I would also encourage you to move away from the self-focus of gifts and gift others with your presence and service. Find events and opportunities in your community where you and your children can volunteer. Serve meals, bake cookies and take them to a nursing home, go play with dogs at the shelter. You might consider sponsoring a child overseas and writing that child letters, sending pictures, etc. Find a way to get out of yourselves and into others this holiday season.

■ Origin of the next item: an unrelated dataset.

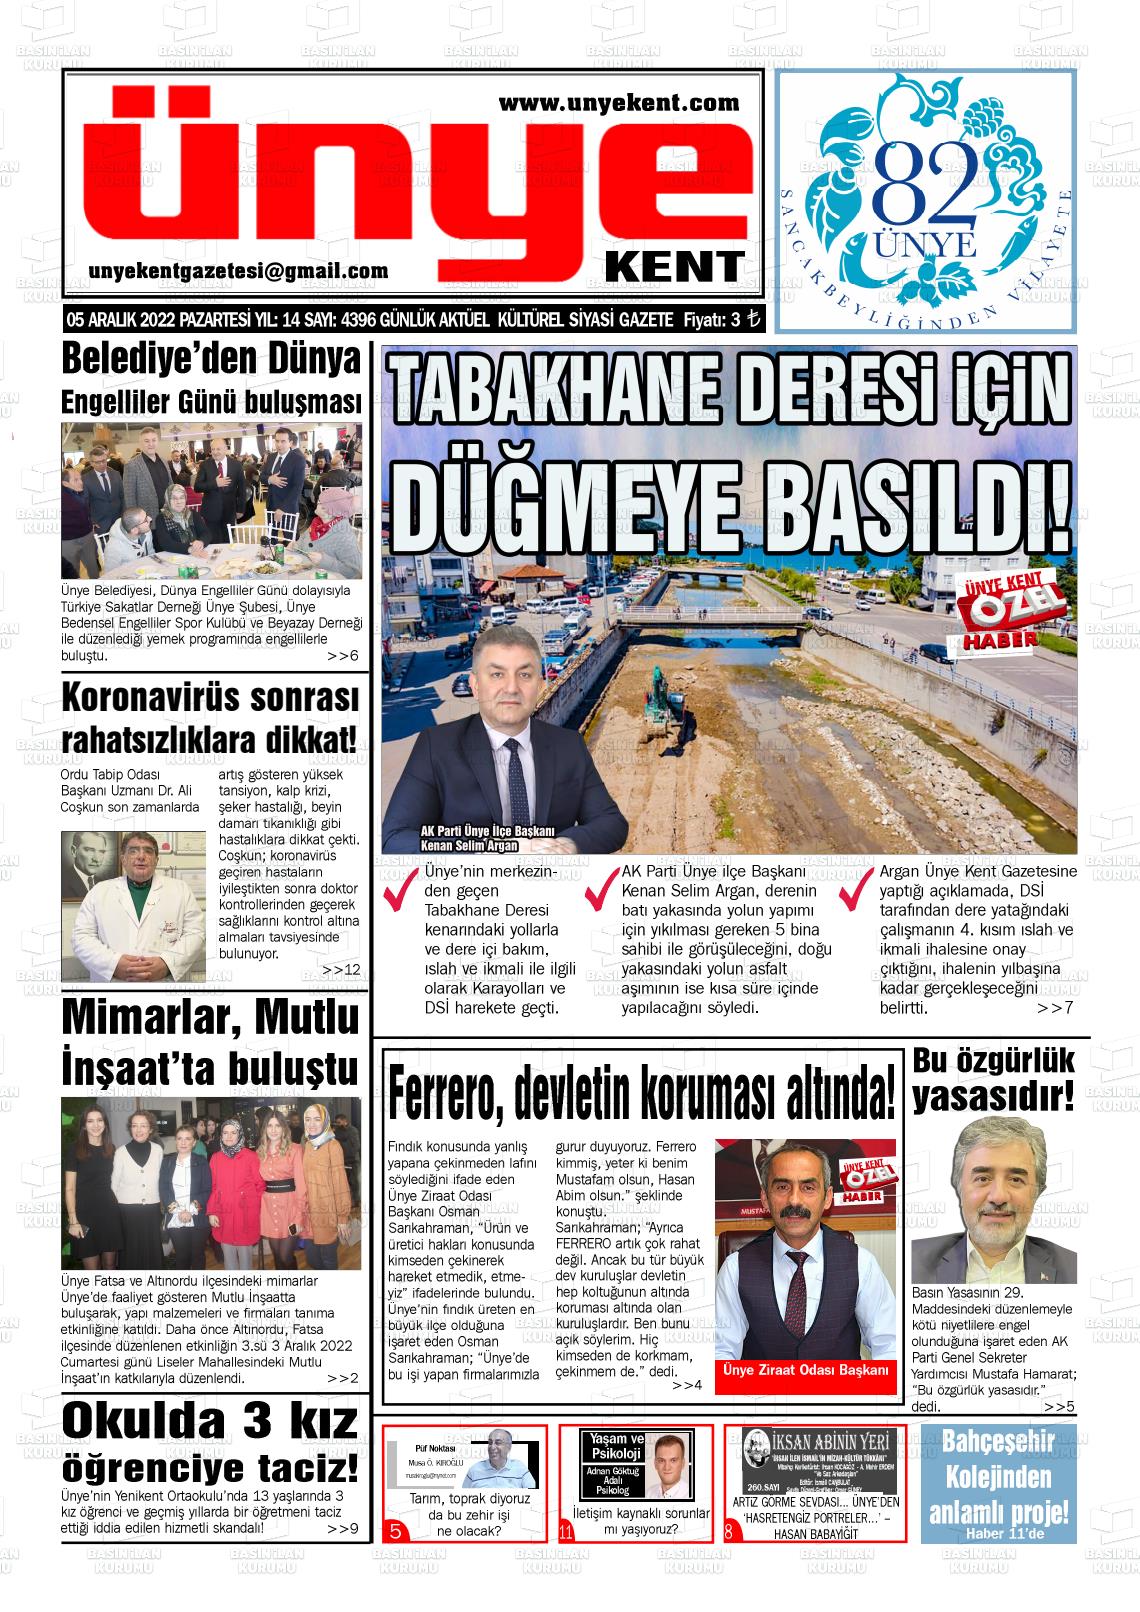 05 Aralık 2022 Ünye Kent Gazete Manşeti

I wish you and your family the very best holiday this year. Look for opportunities to change things up and make this holiday truly memorable!

Activity/Experience Gifts

Season passes: Zoo, museum, aquarium, amusement park, water park

One-time passes: Movies, bowling, skating, concert, sporting event, mini golf, theater, arcade

Lessons: Swimming, sports, gymnastics, karate, musical instrument, pottery/art, craft, horseback riding

Family Experience Gifts: Camping, road trip, night away at local hotel with pool, hotel with indoor waterpark, trip to beach, train trip, rock climbing, zip lining, helicopter or hot air balloon ride.

Give each family member a gift associated with the event and see if they can figure out where they are going (camping gear, goggles, etc.)!

Learning Tools: Art and craft items (paint, canvases, etc.), scientific items (magnets, science kits, magnifying glasses, binoculars, etc.), gardening tools, a new educational app or game, etc.

Gifts That Aren’t Toys: Books, games, craft and science kits, magazine subscription, camera, journal, photo album, new bedding and room décor, sports items (balls, basketball, soccer goals), stationary, special Christmas tree ornament.


Gail Roaten has taught counseling students for 13 years, and was a counselor in schools for 12 years. She has provided parenting classes and trainings through various churches and the Department of Family and Protective Services. She has a Ph.D. in Counselor Education and Supervision, and is a Licensed Professional Counselor in Texas. She is the parent of three children and has six grandchildren.


The information Roaten is providing is based on research and research-based practices as well as from well-known theories. The parenting information and tips offered is intended for informational purposes only. Use of this column is not intended to replace or substitute for any professional, financial, medical, legal or other professional assistance or therapy.

The information found in this column is not intended to treat or diagnose; nor is it meant to replace the treatment and care that you may be receiving from a licensed professional, physician or mental health professional.

This column, its author and The Rockport Pilot are not responsible for the outcome or results of following any information provided that may be used in parenting. You, and only you, are completely responsible for your actions.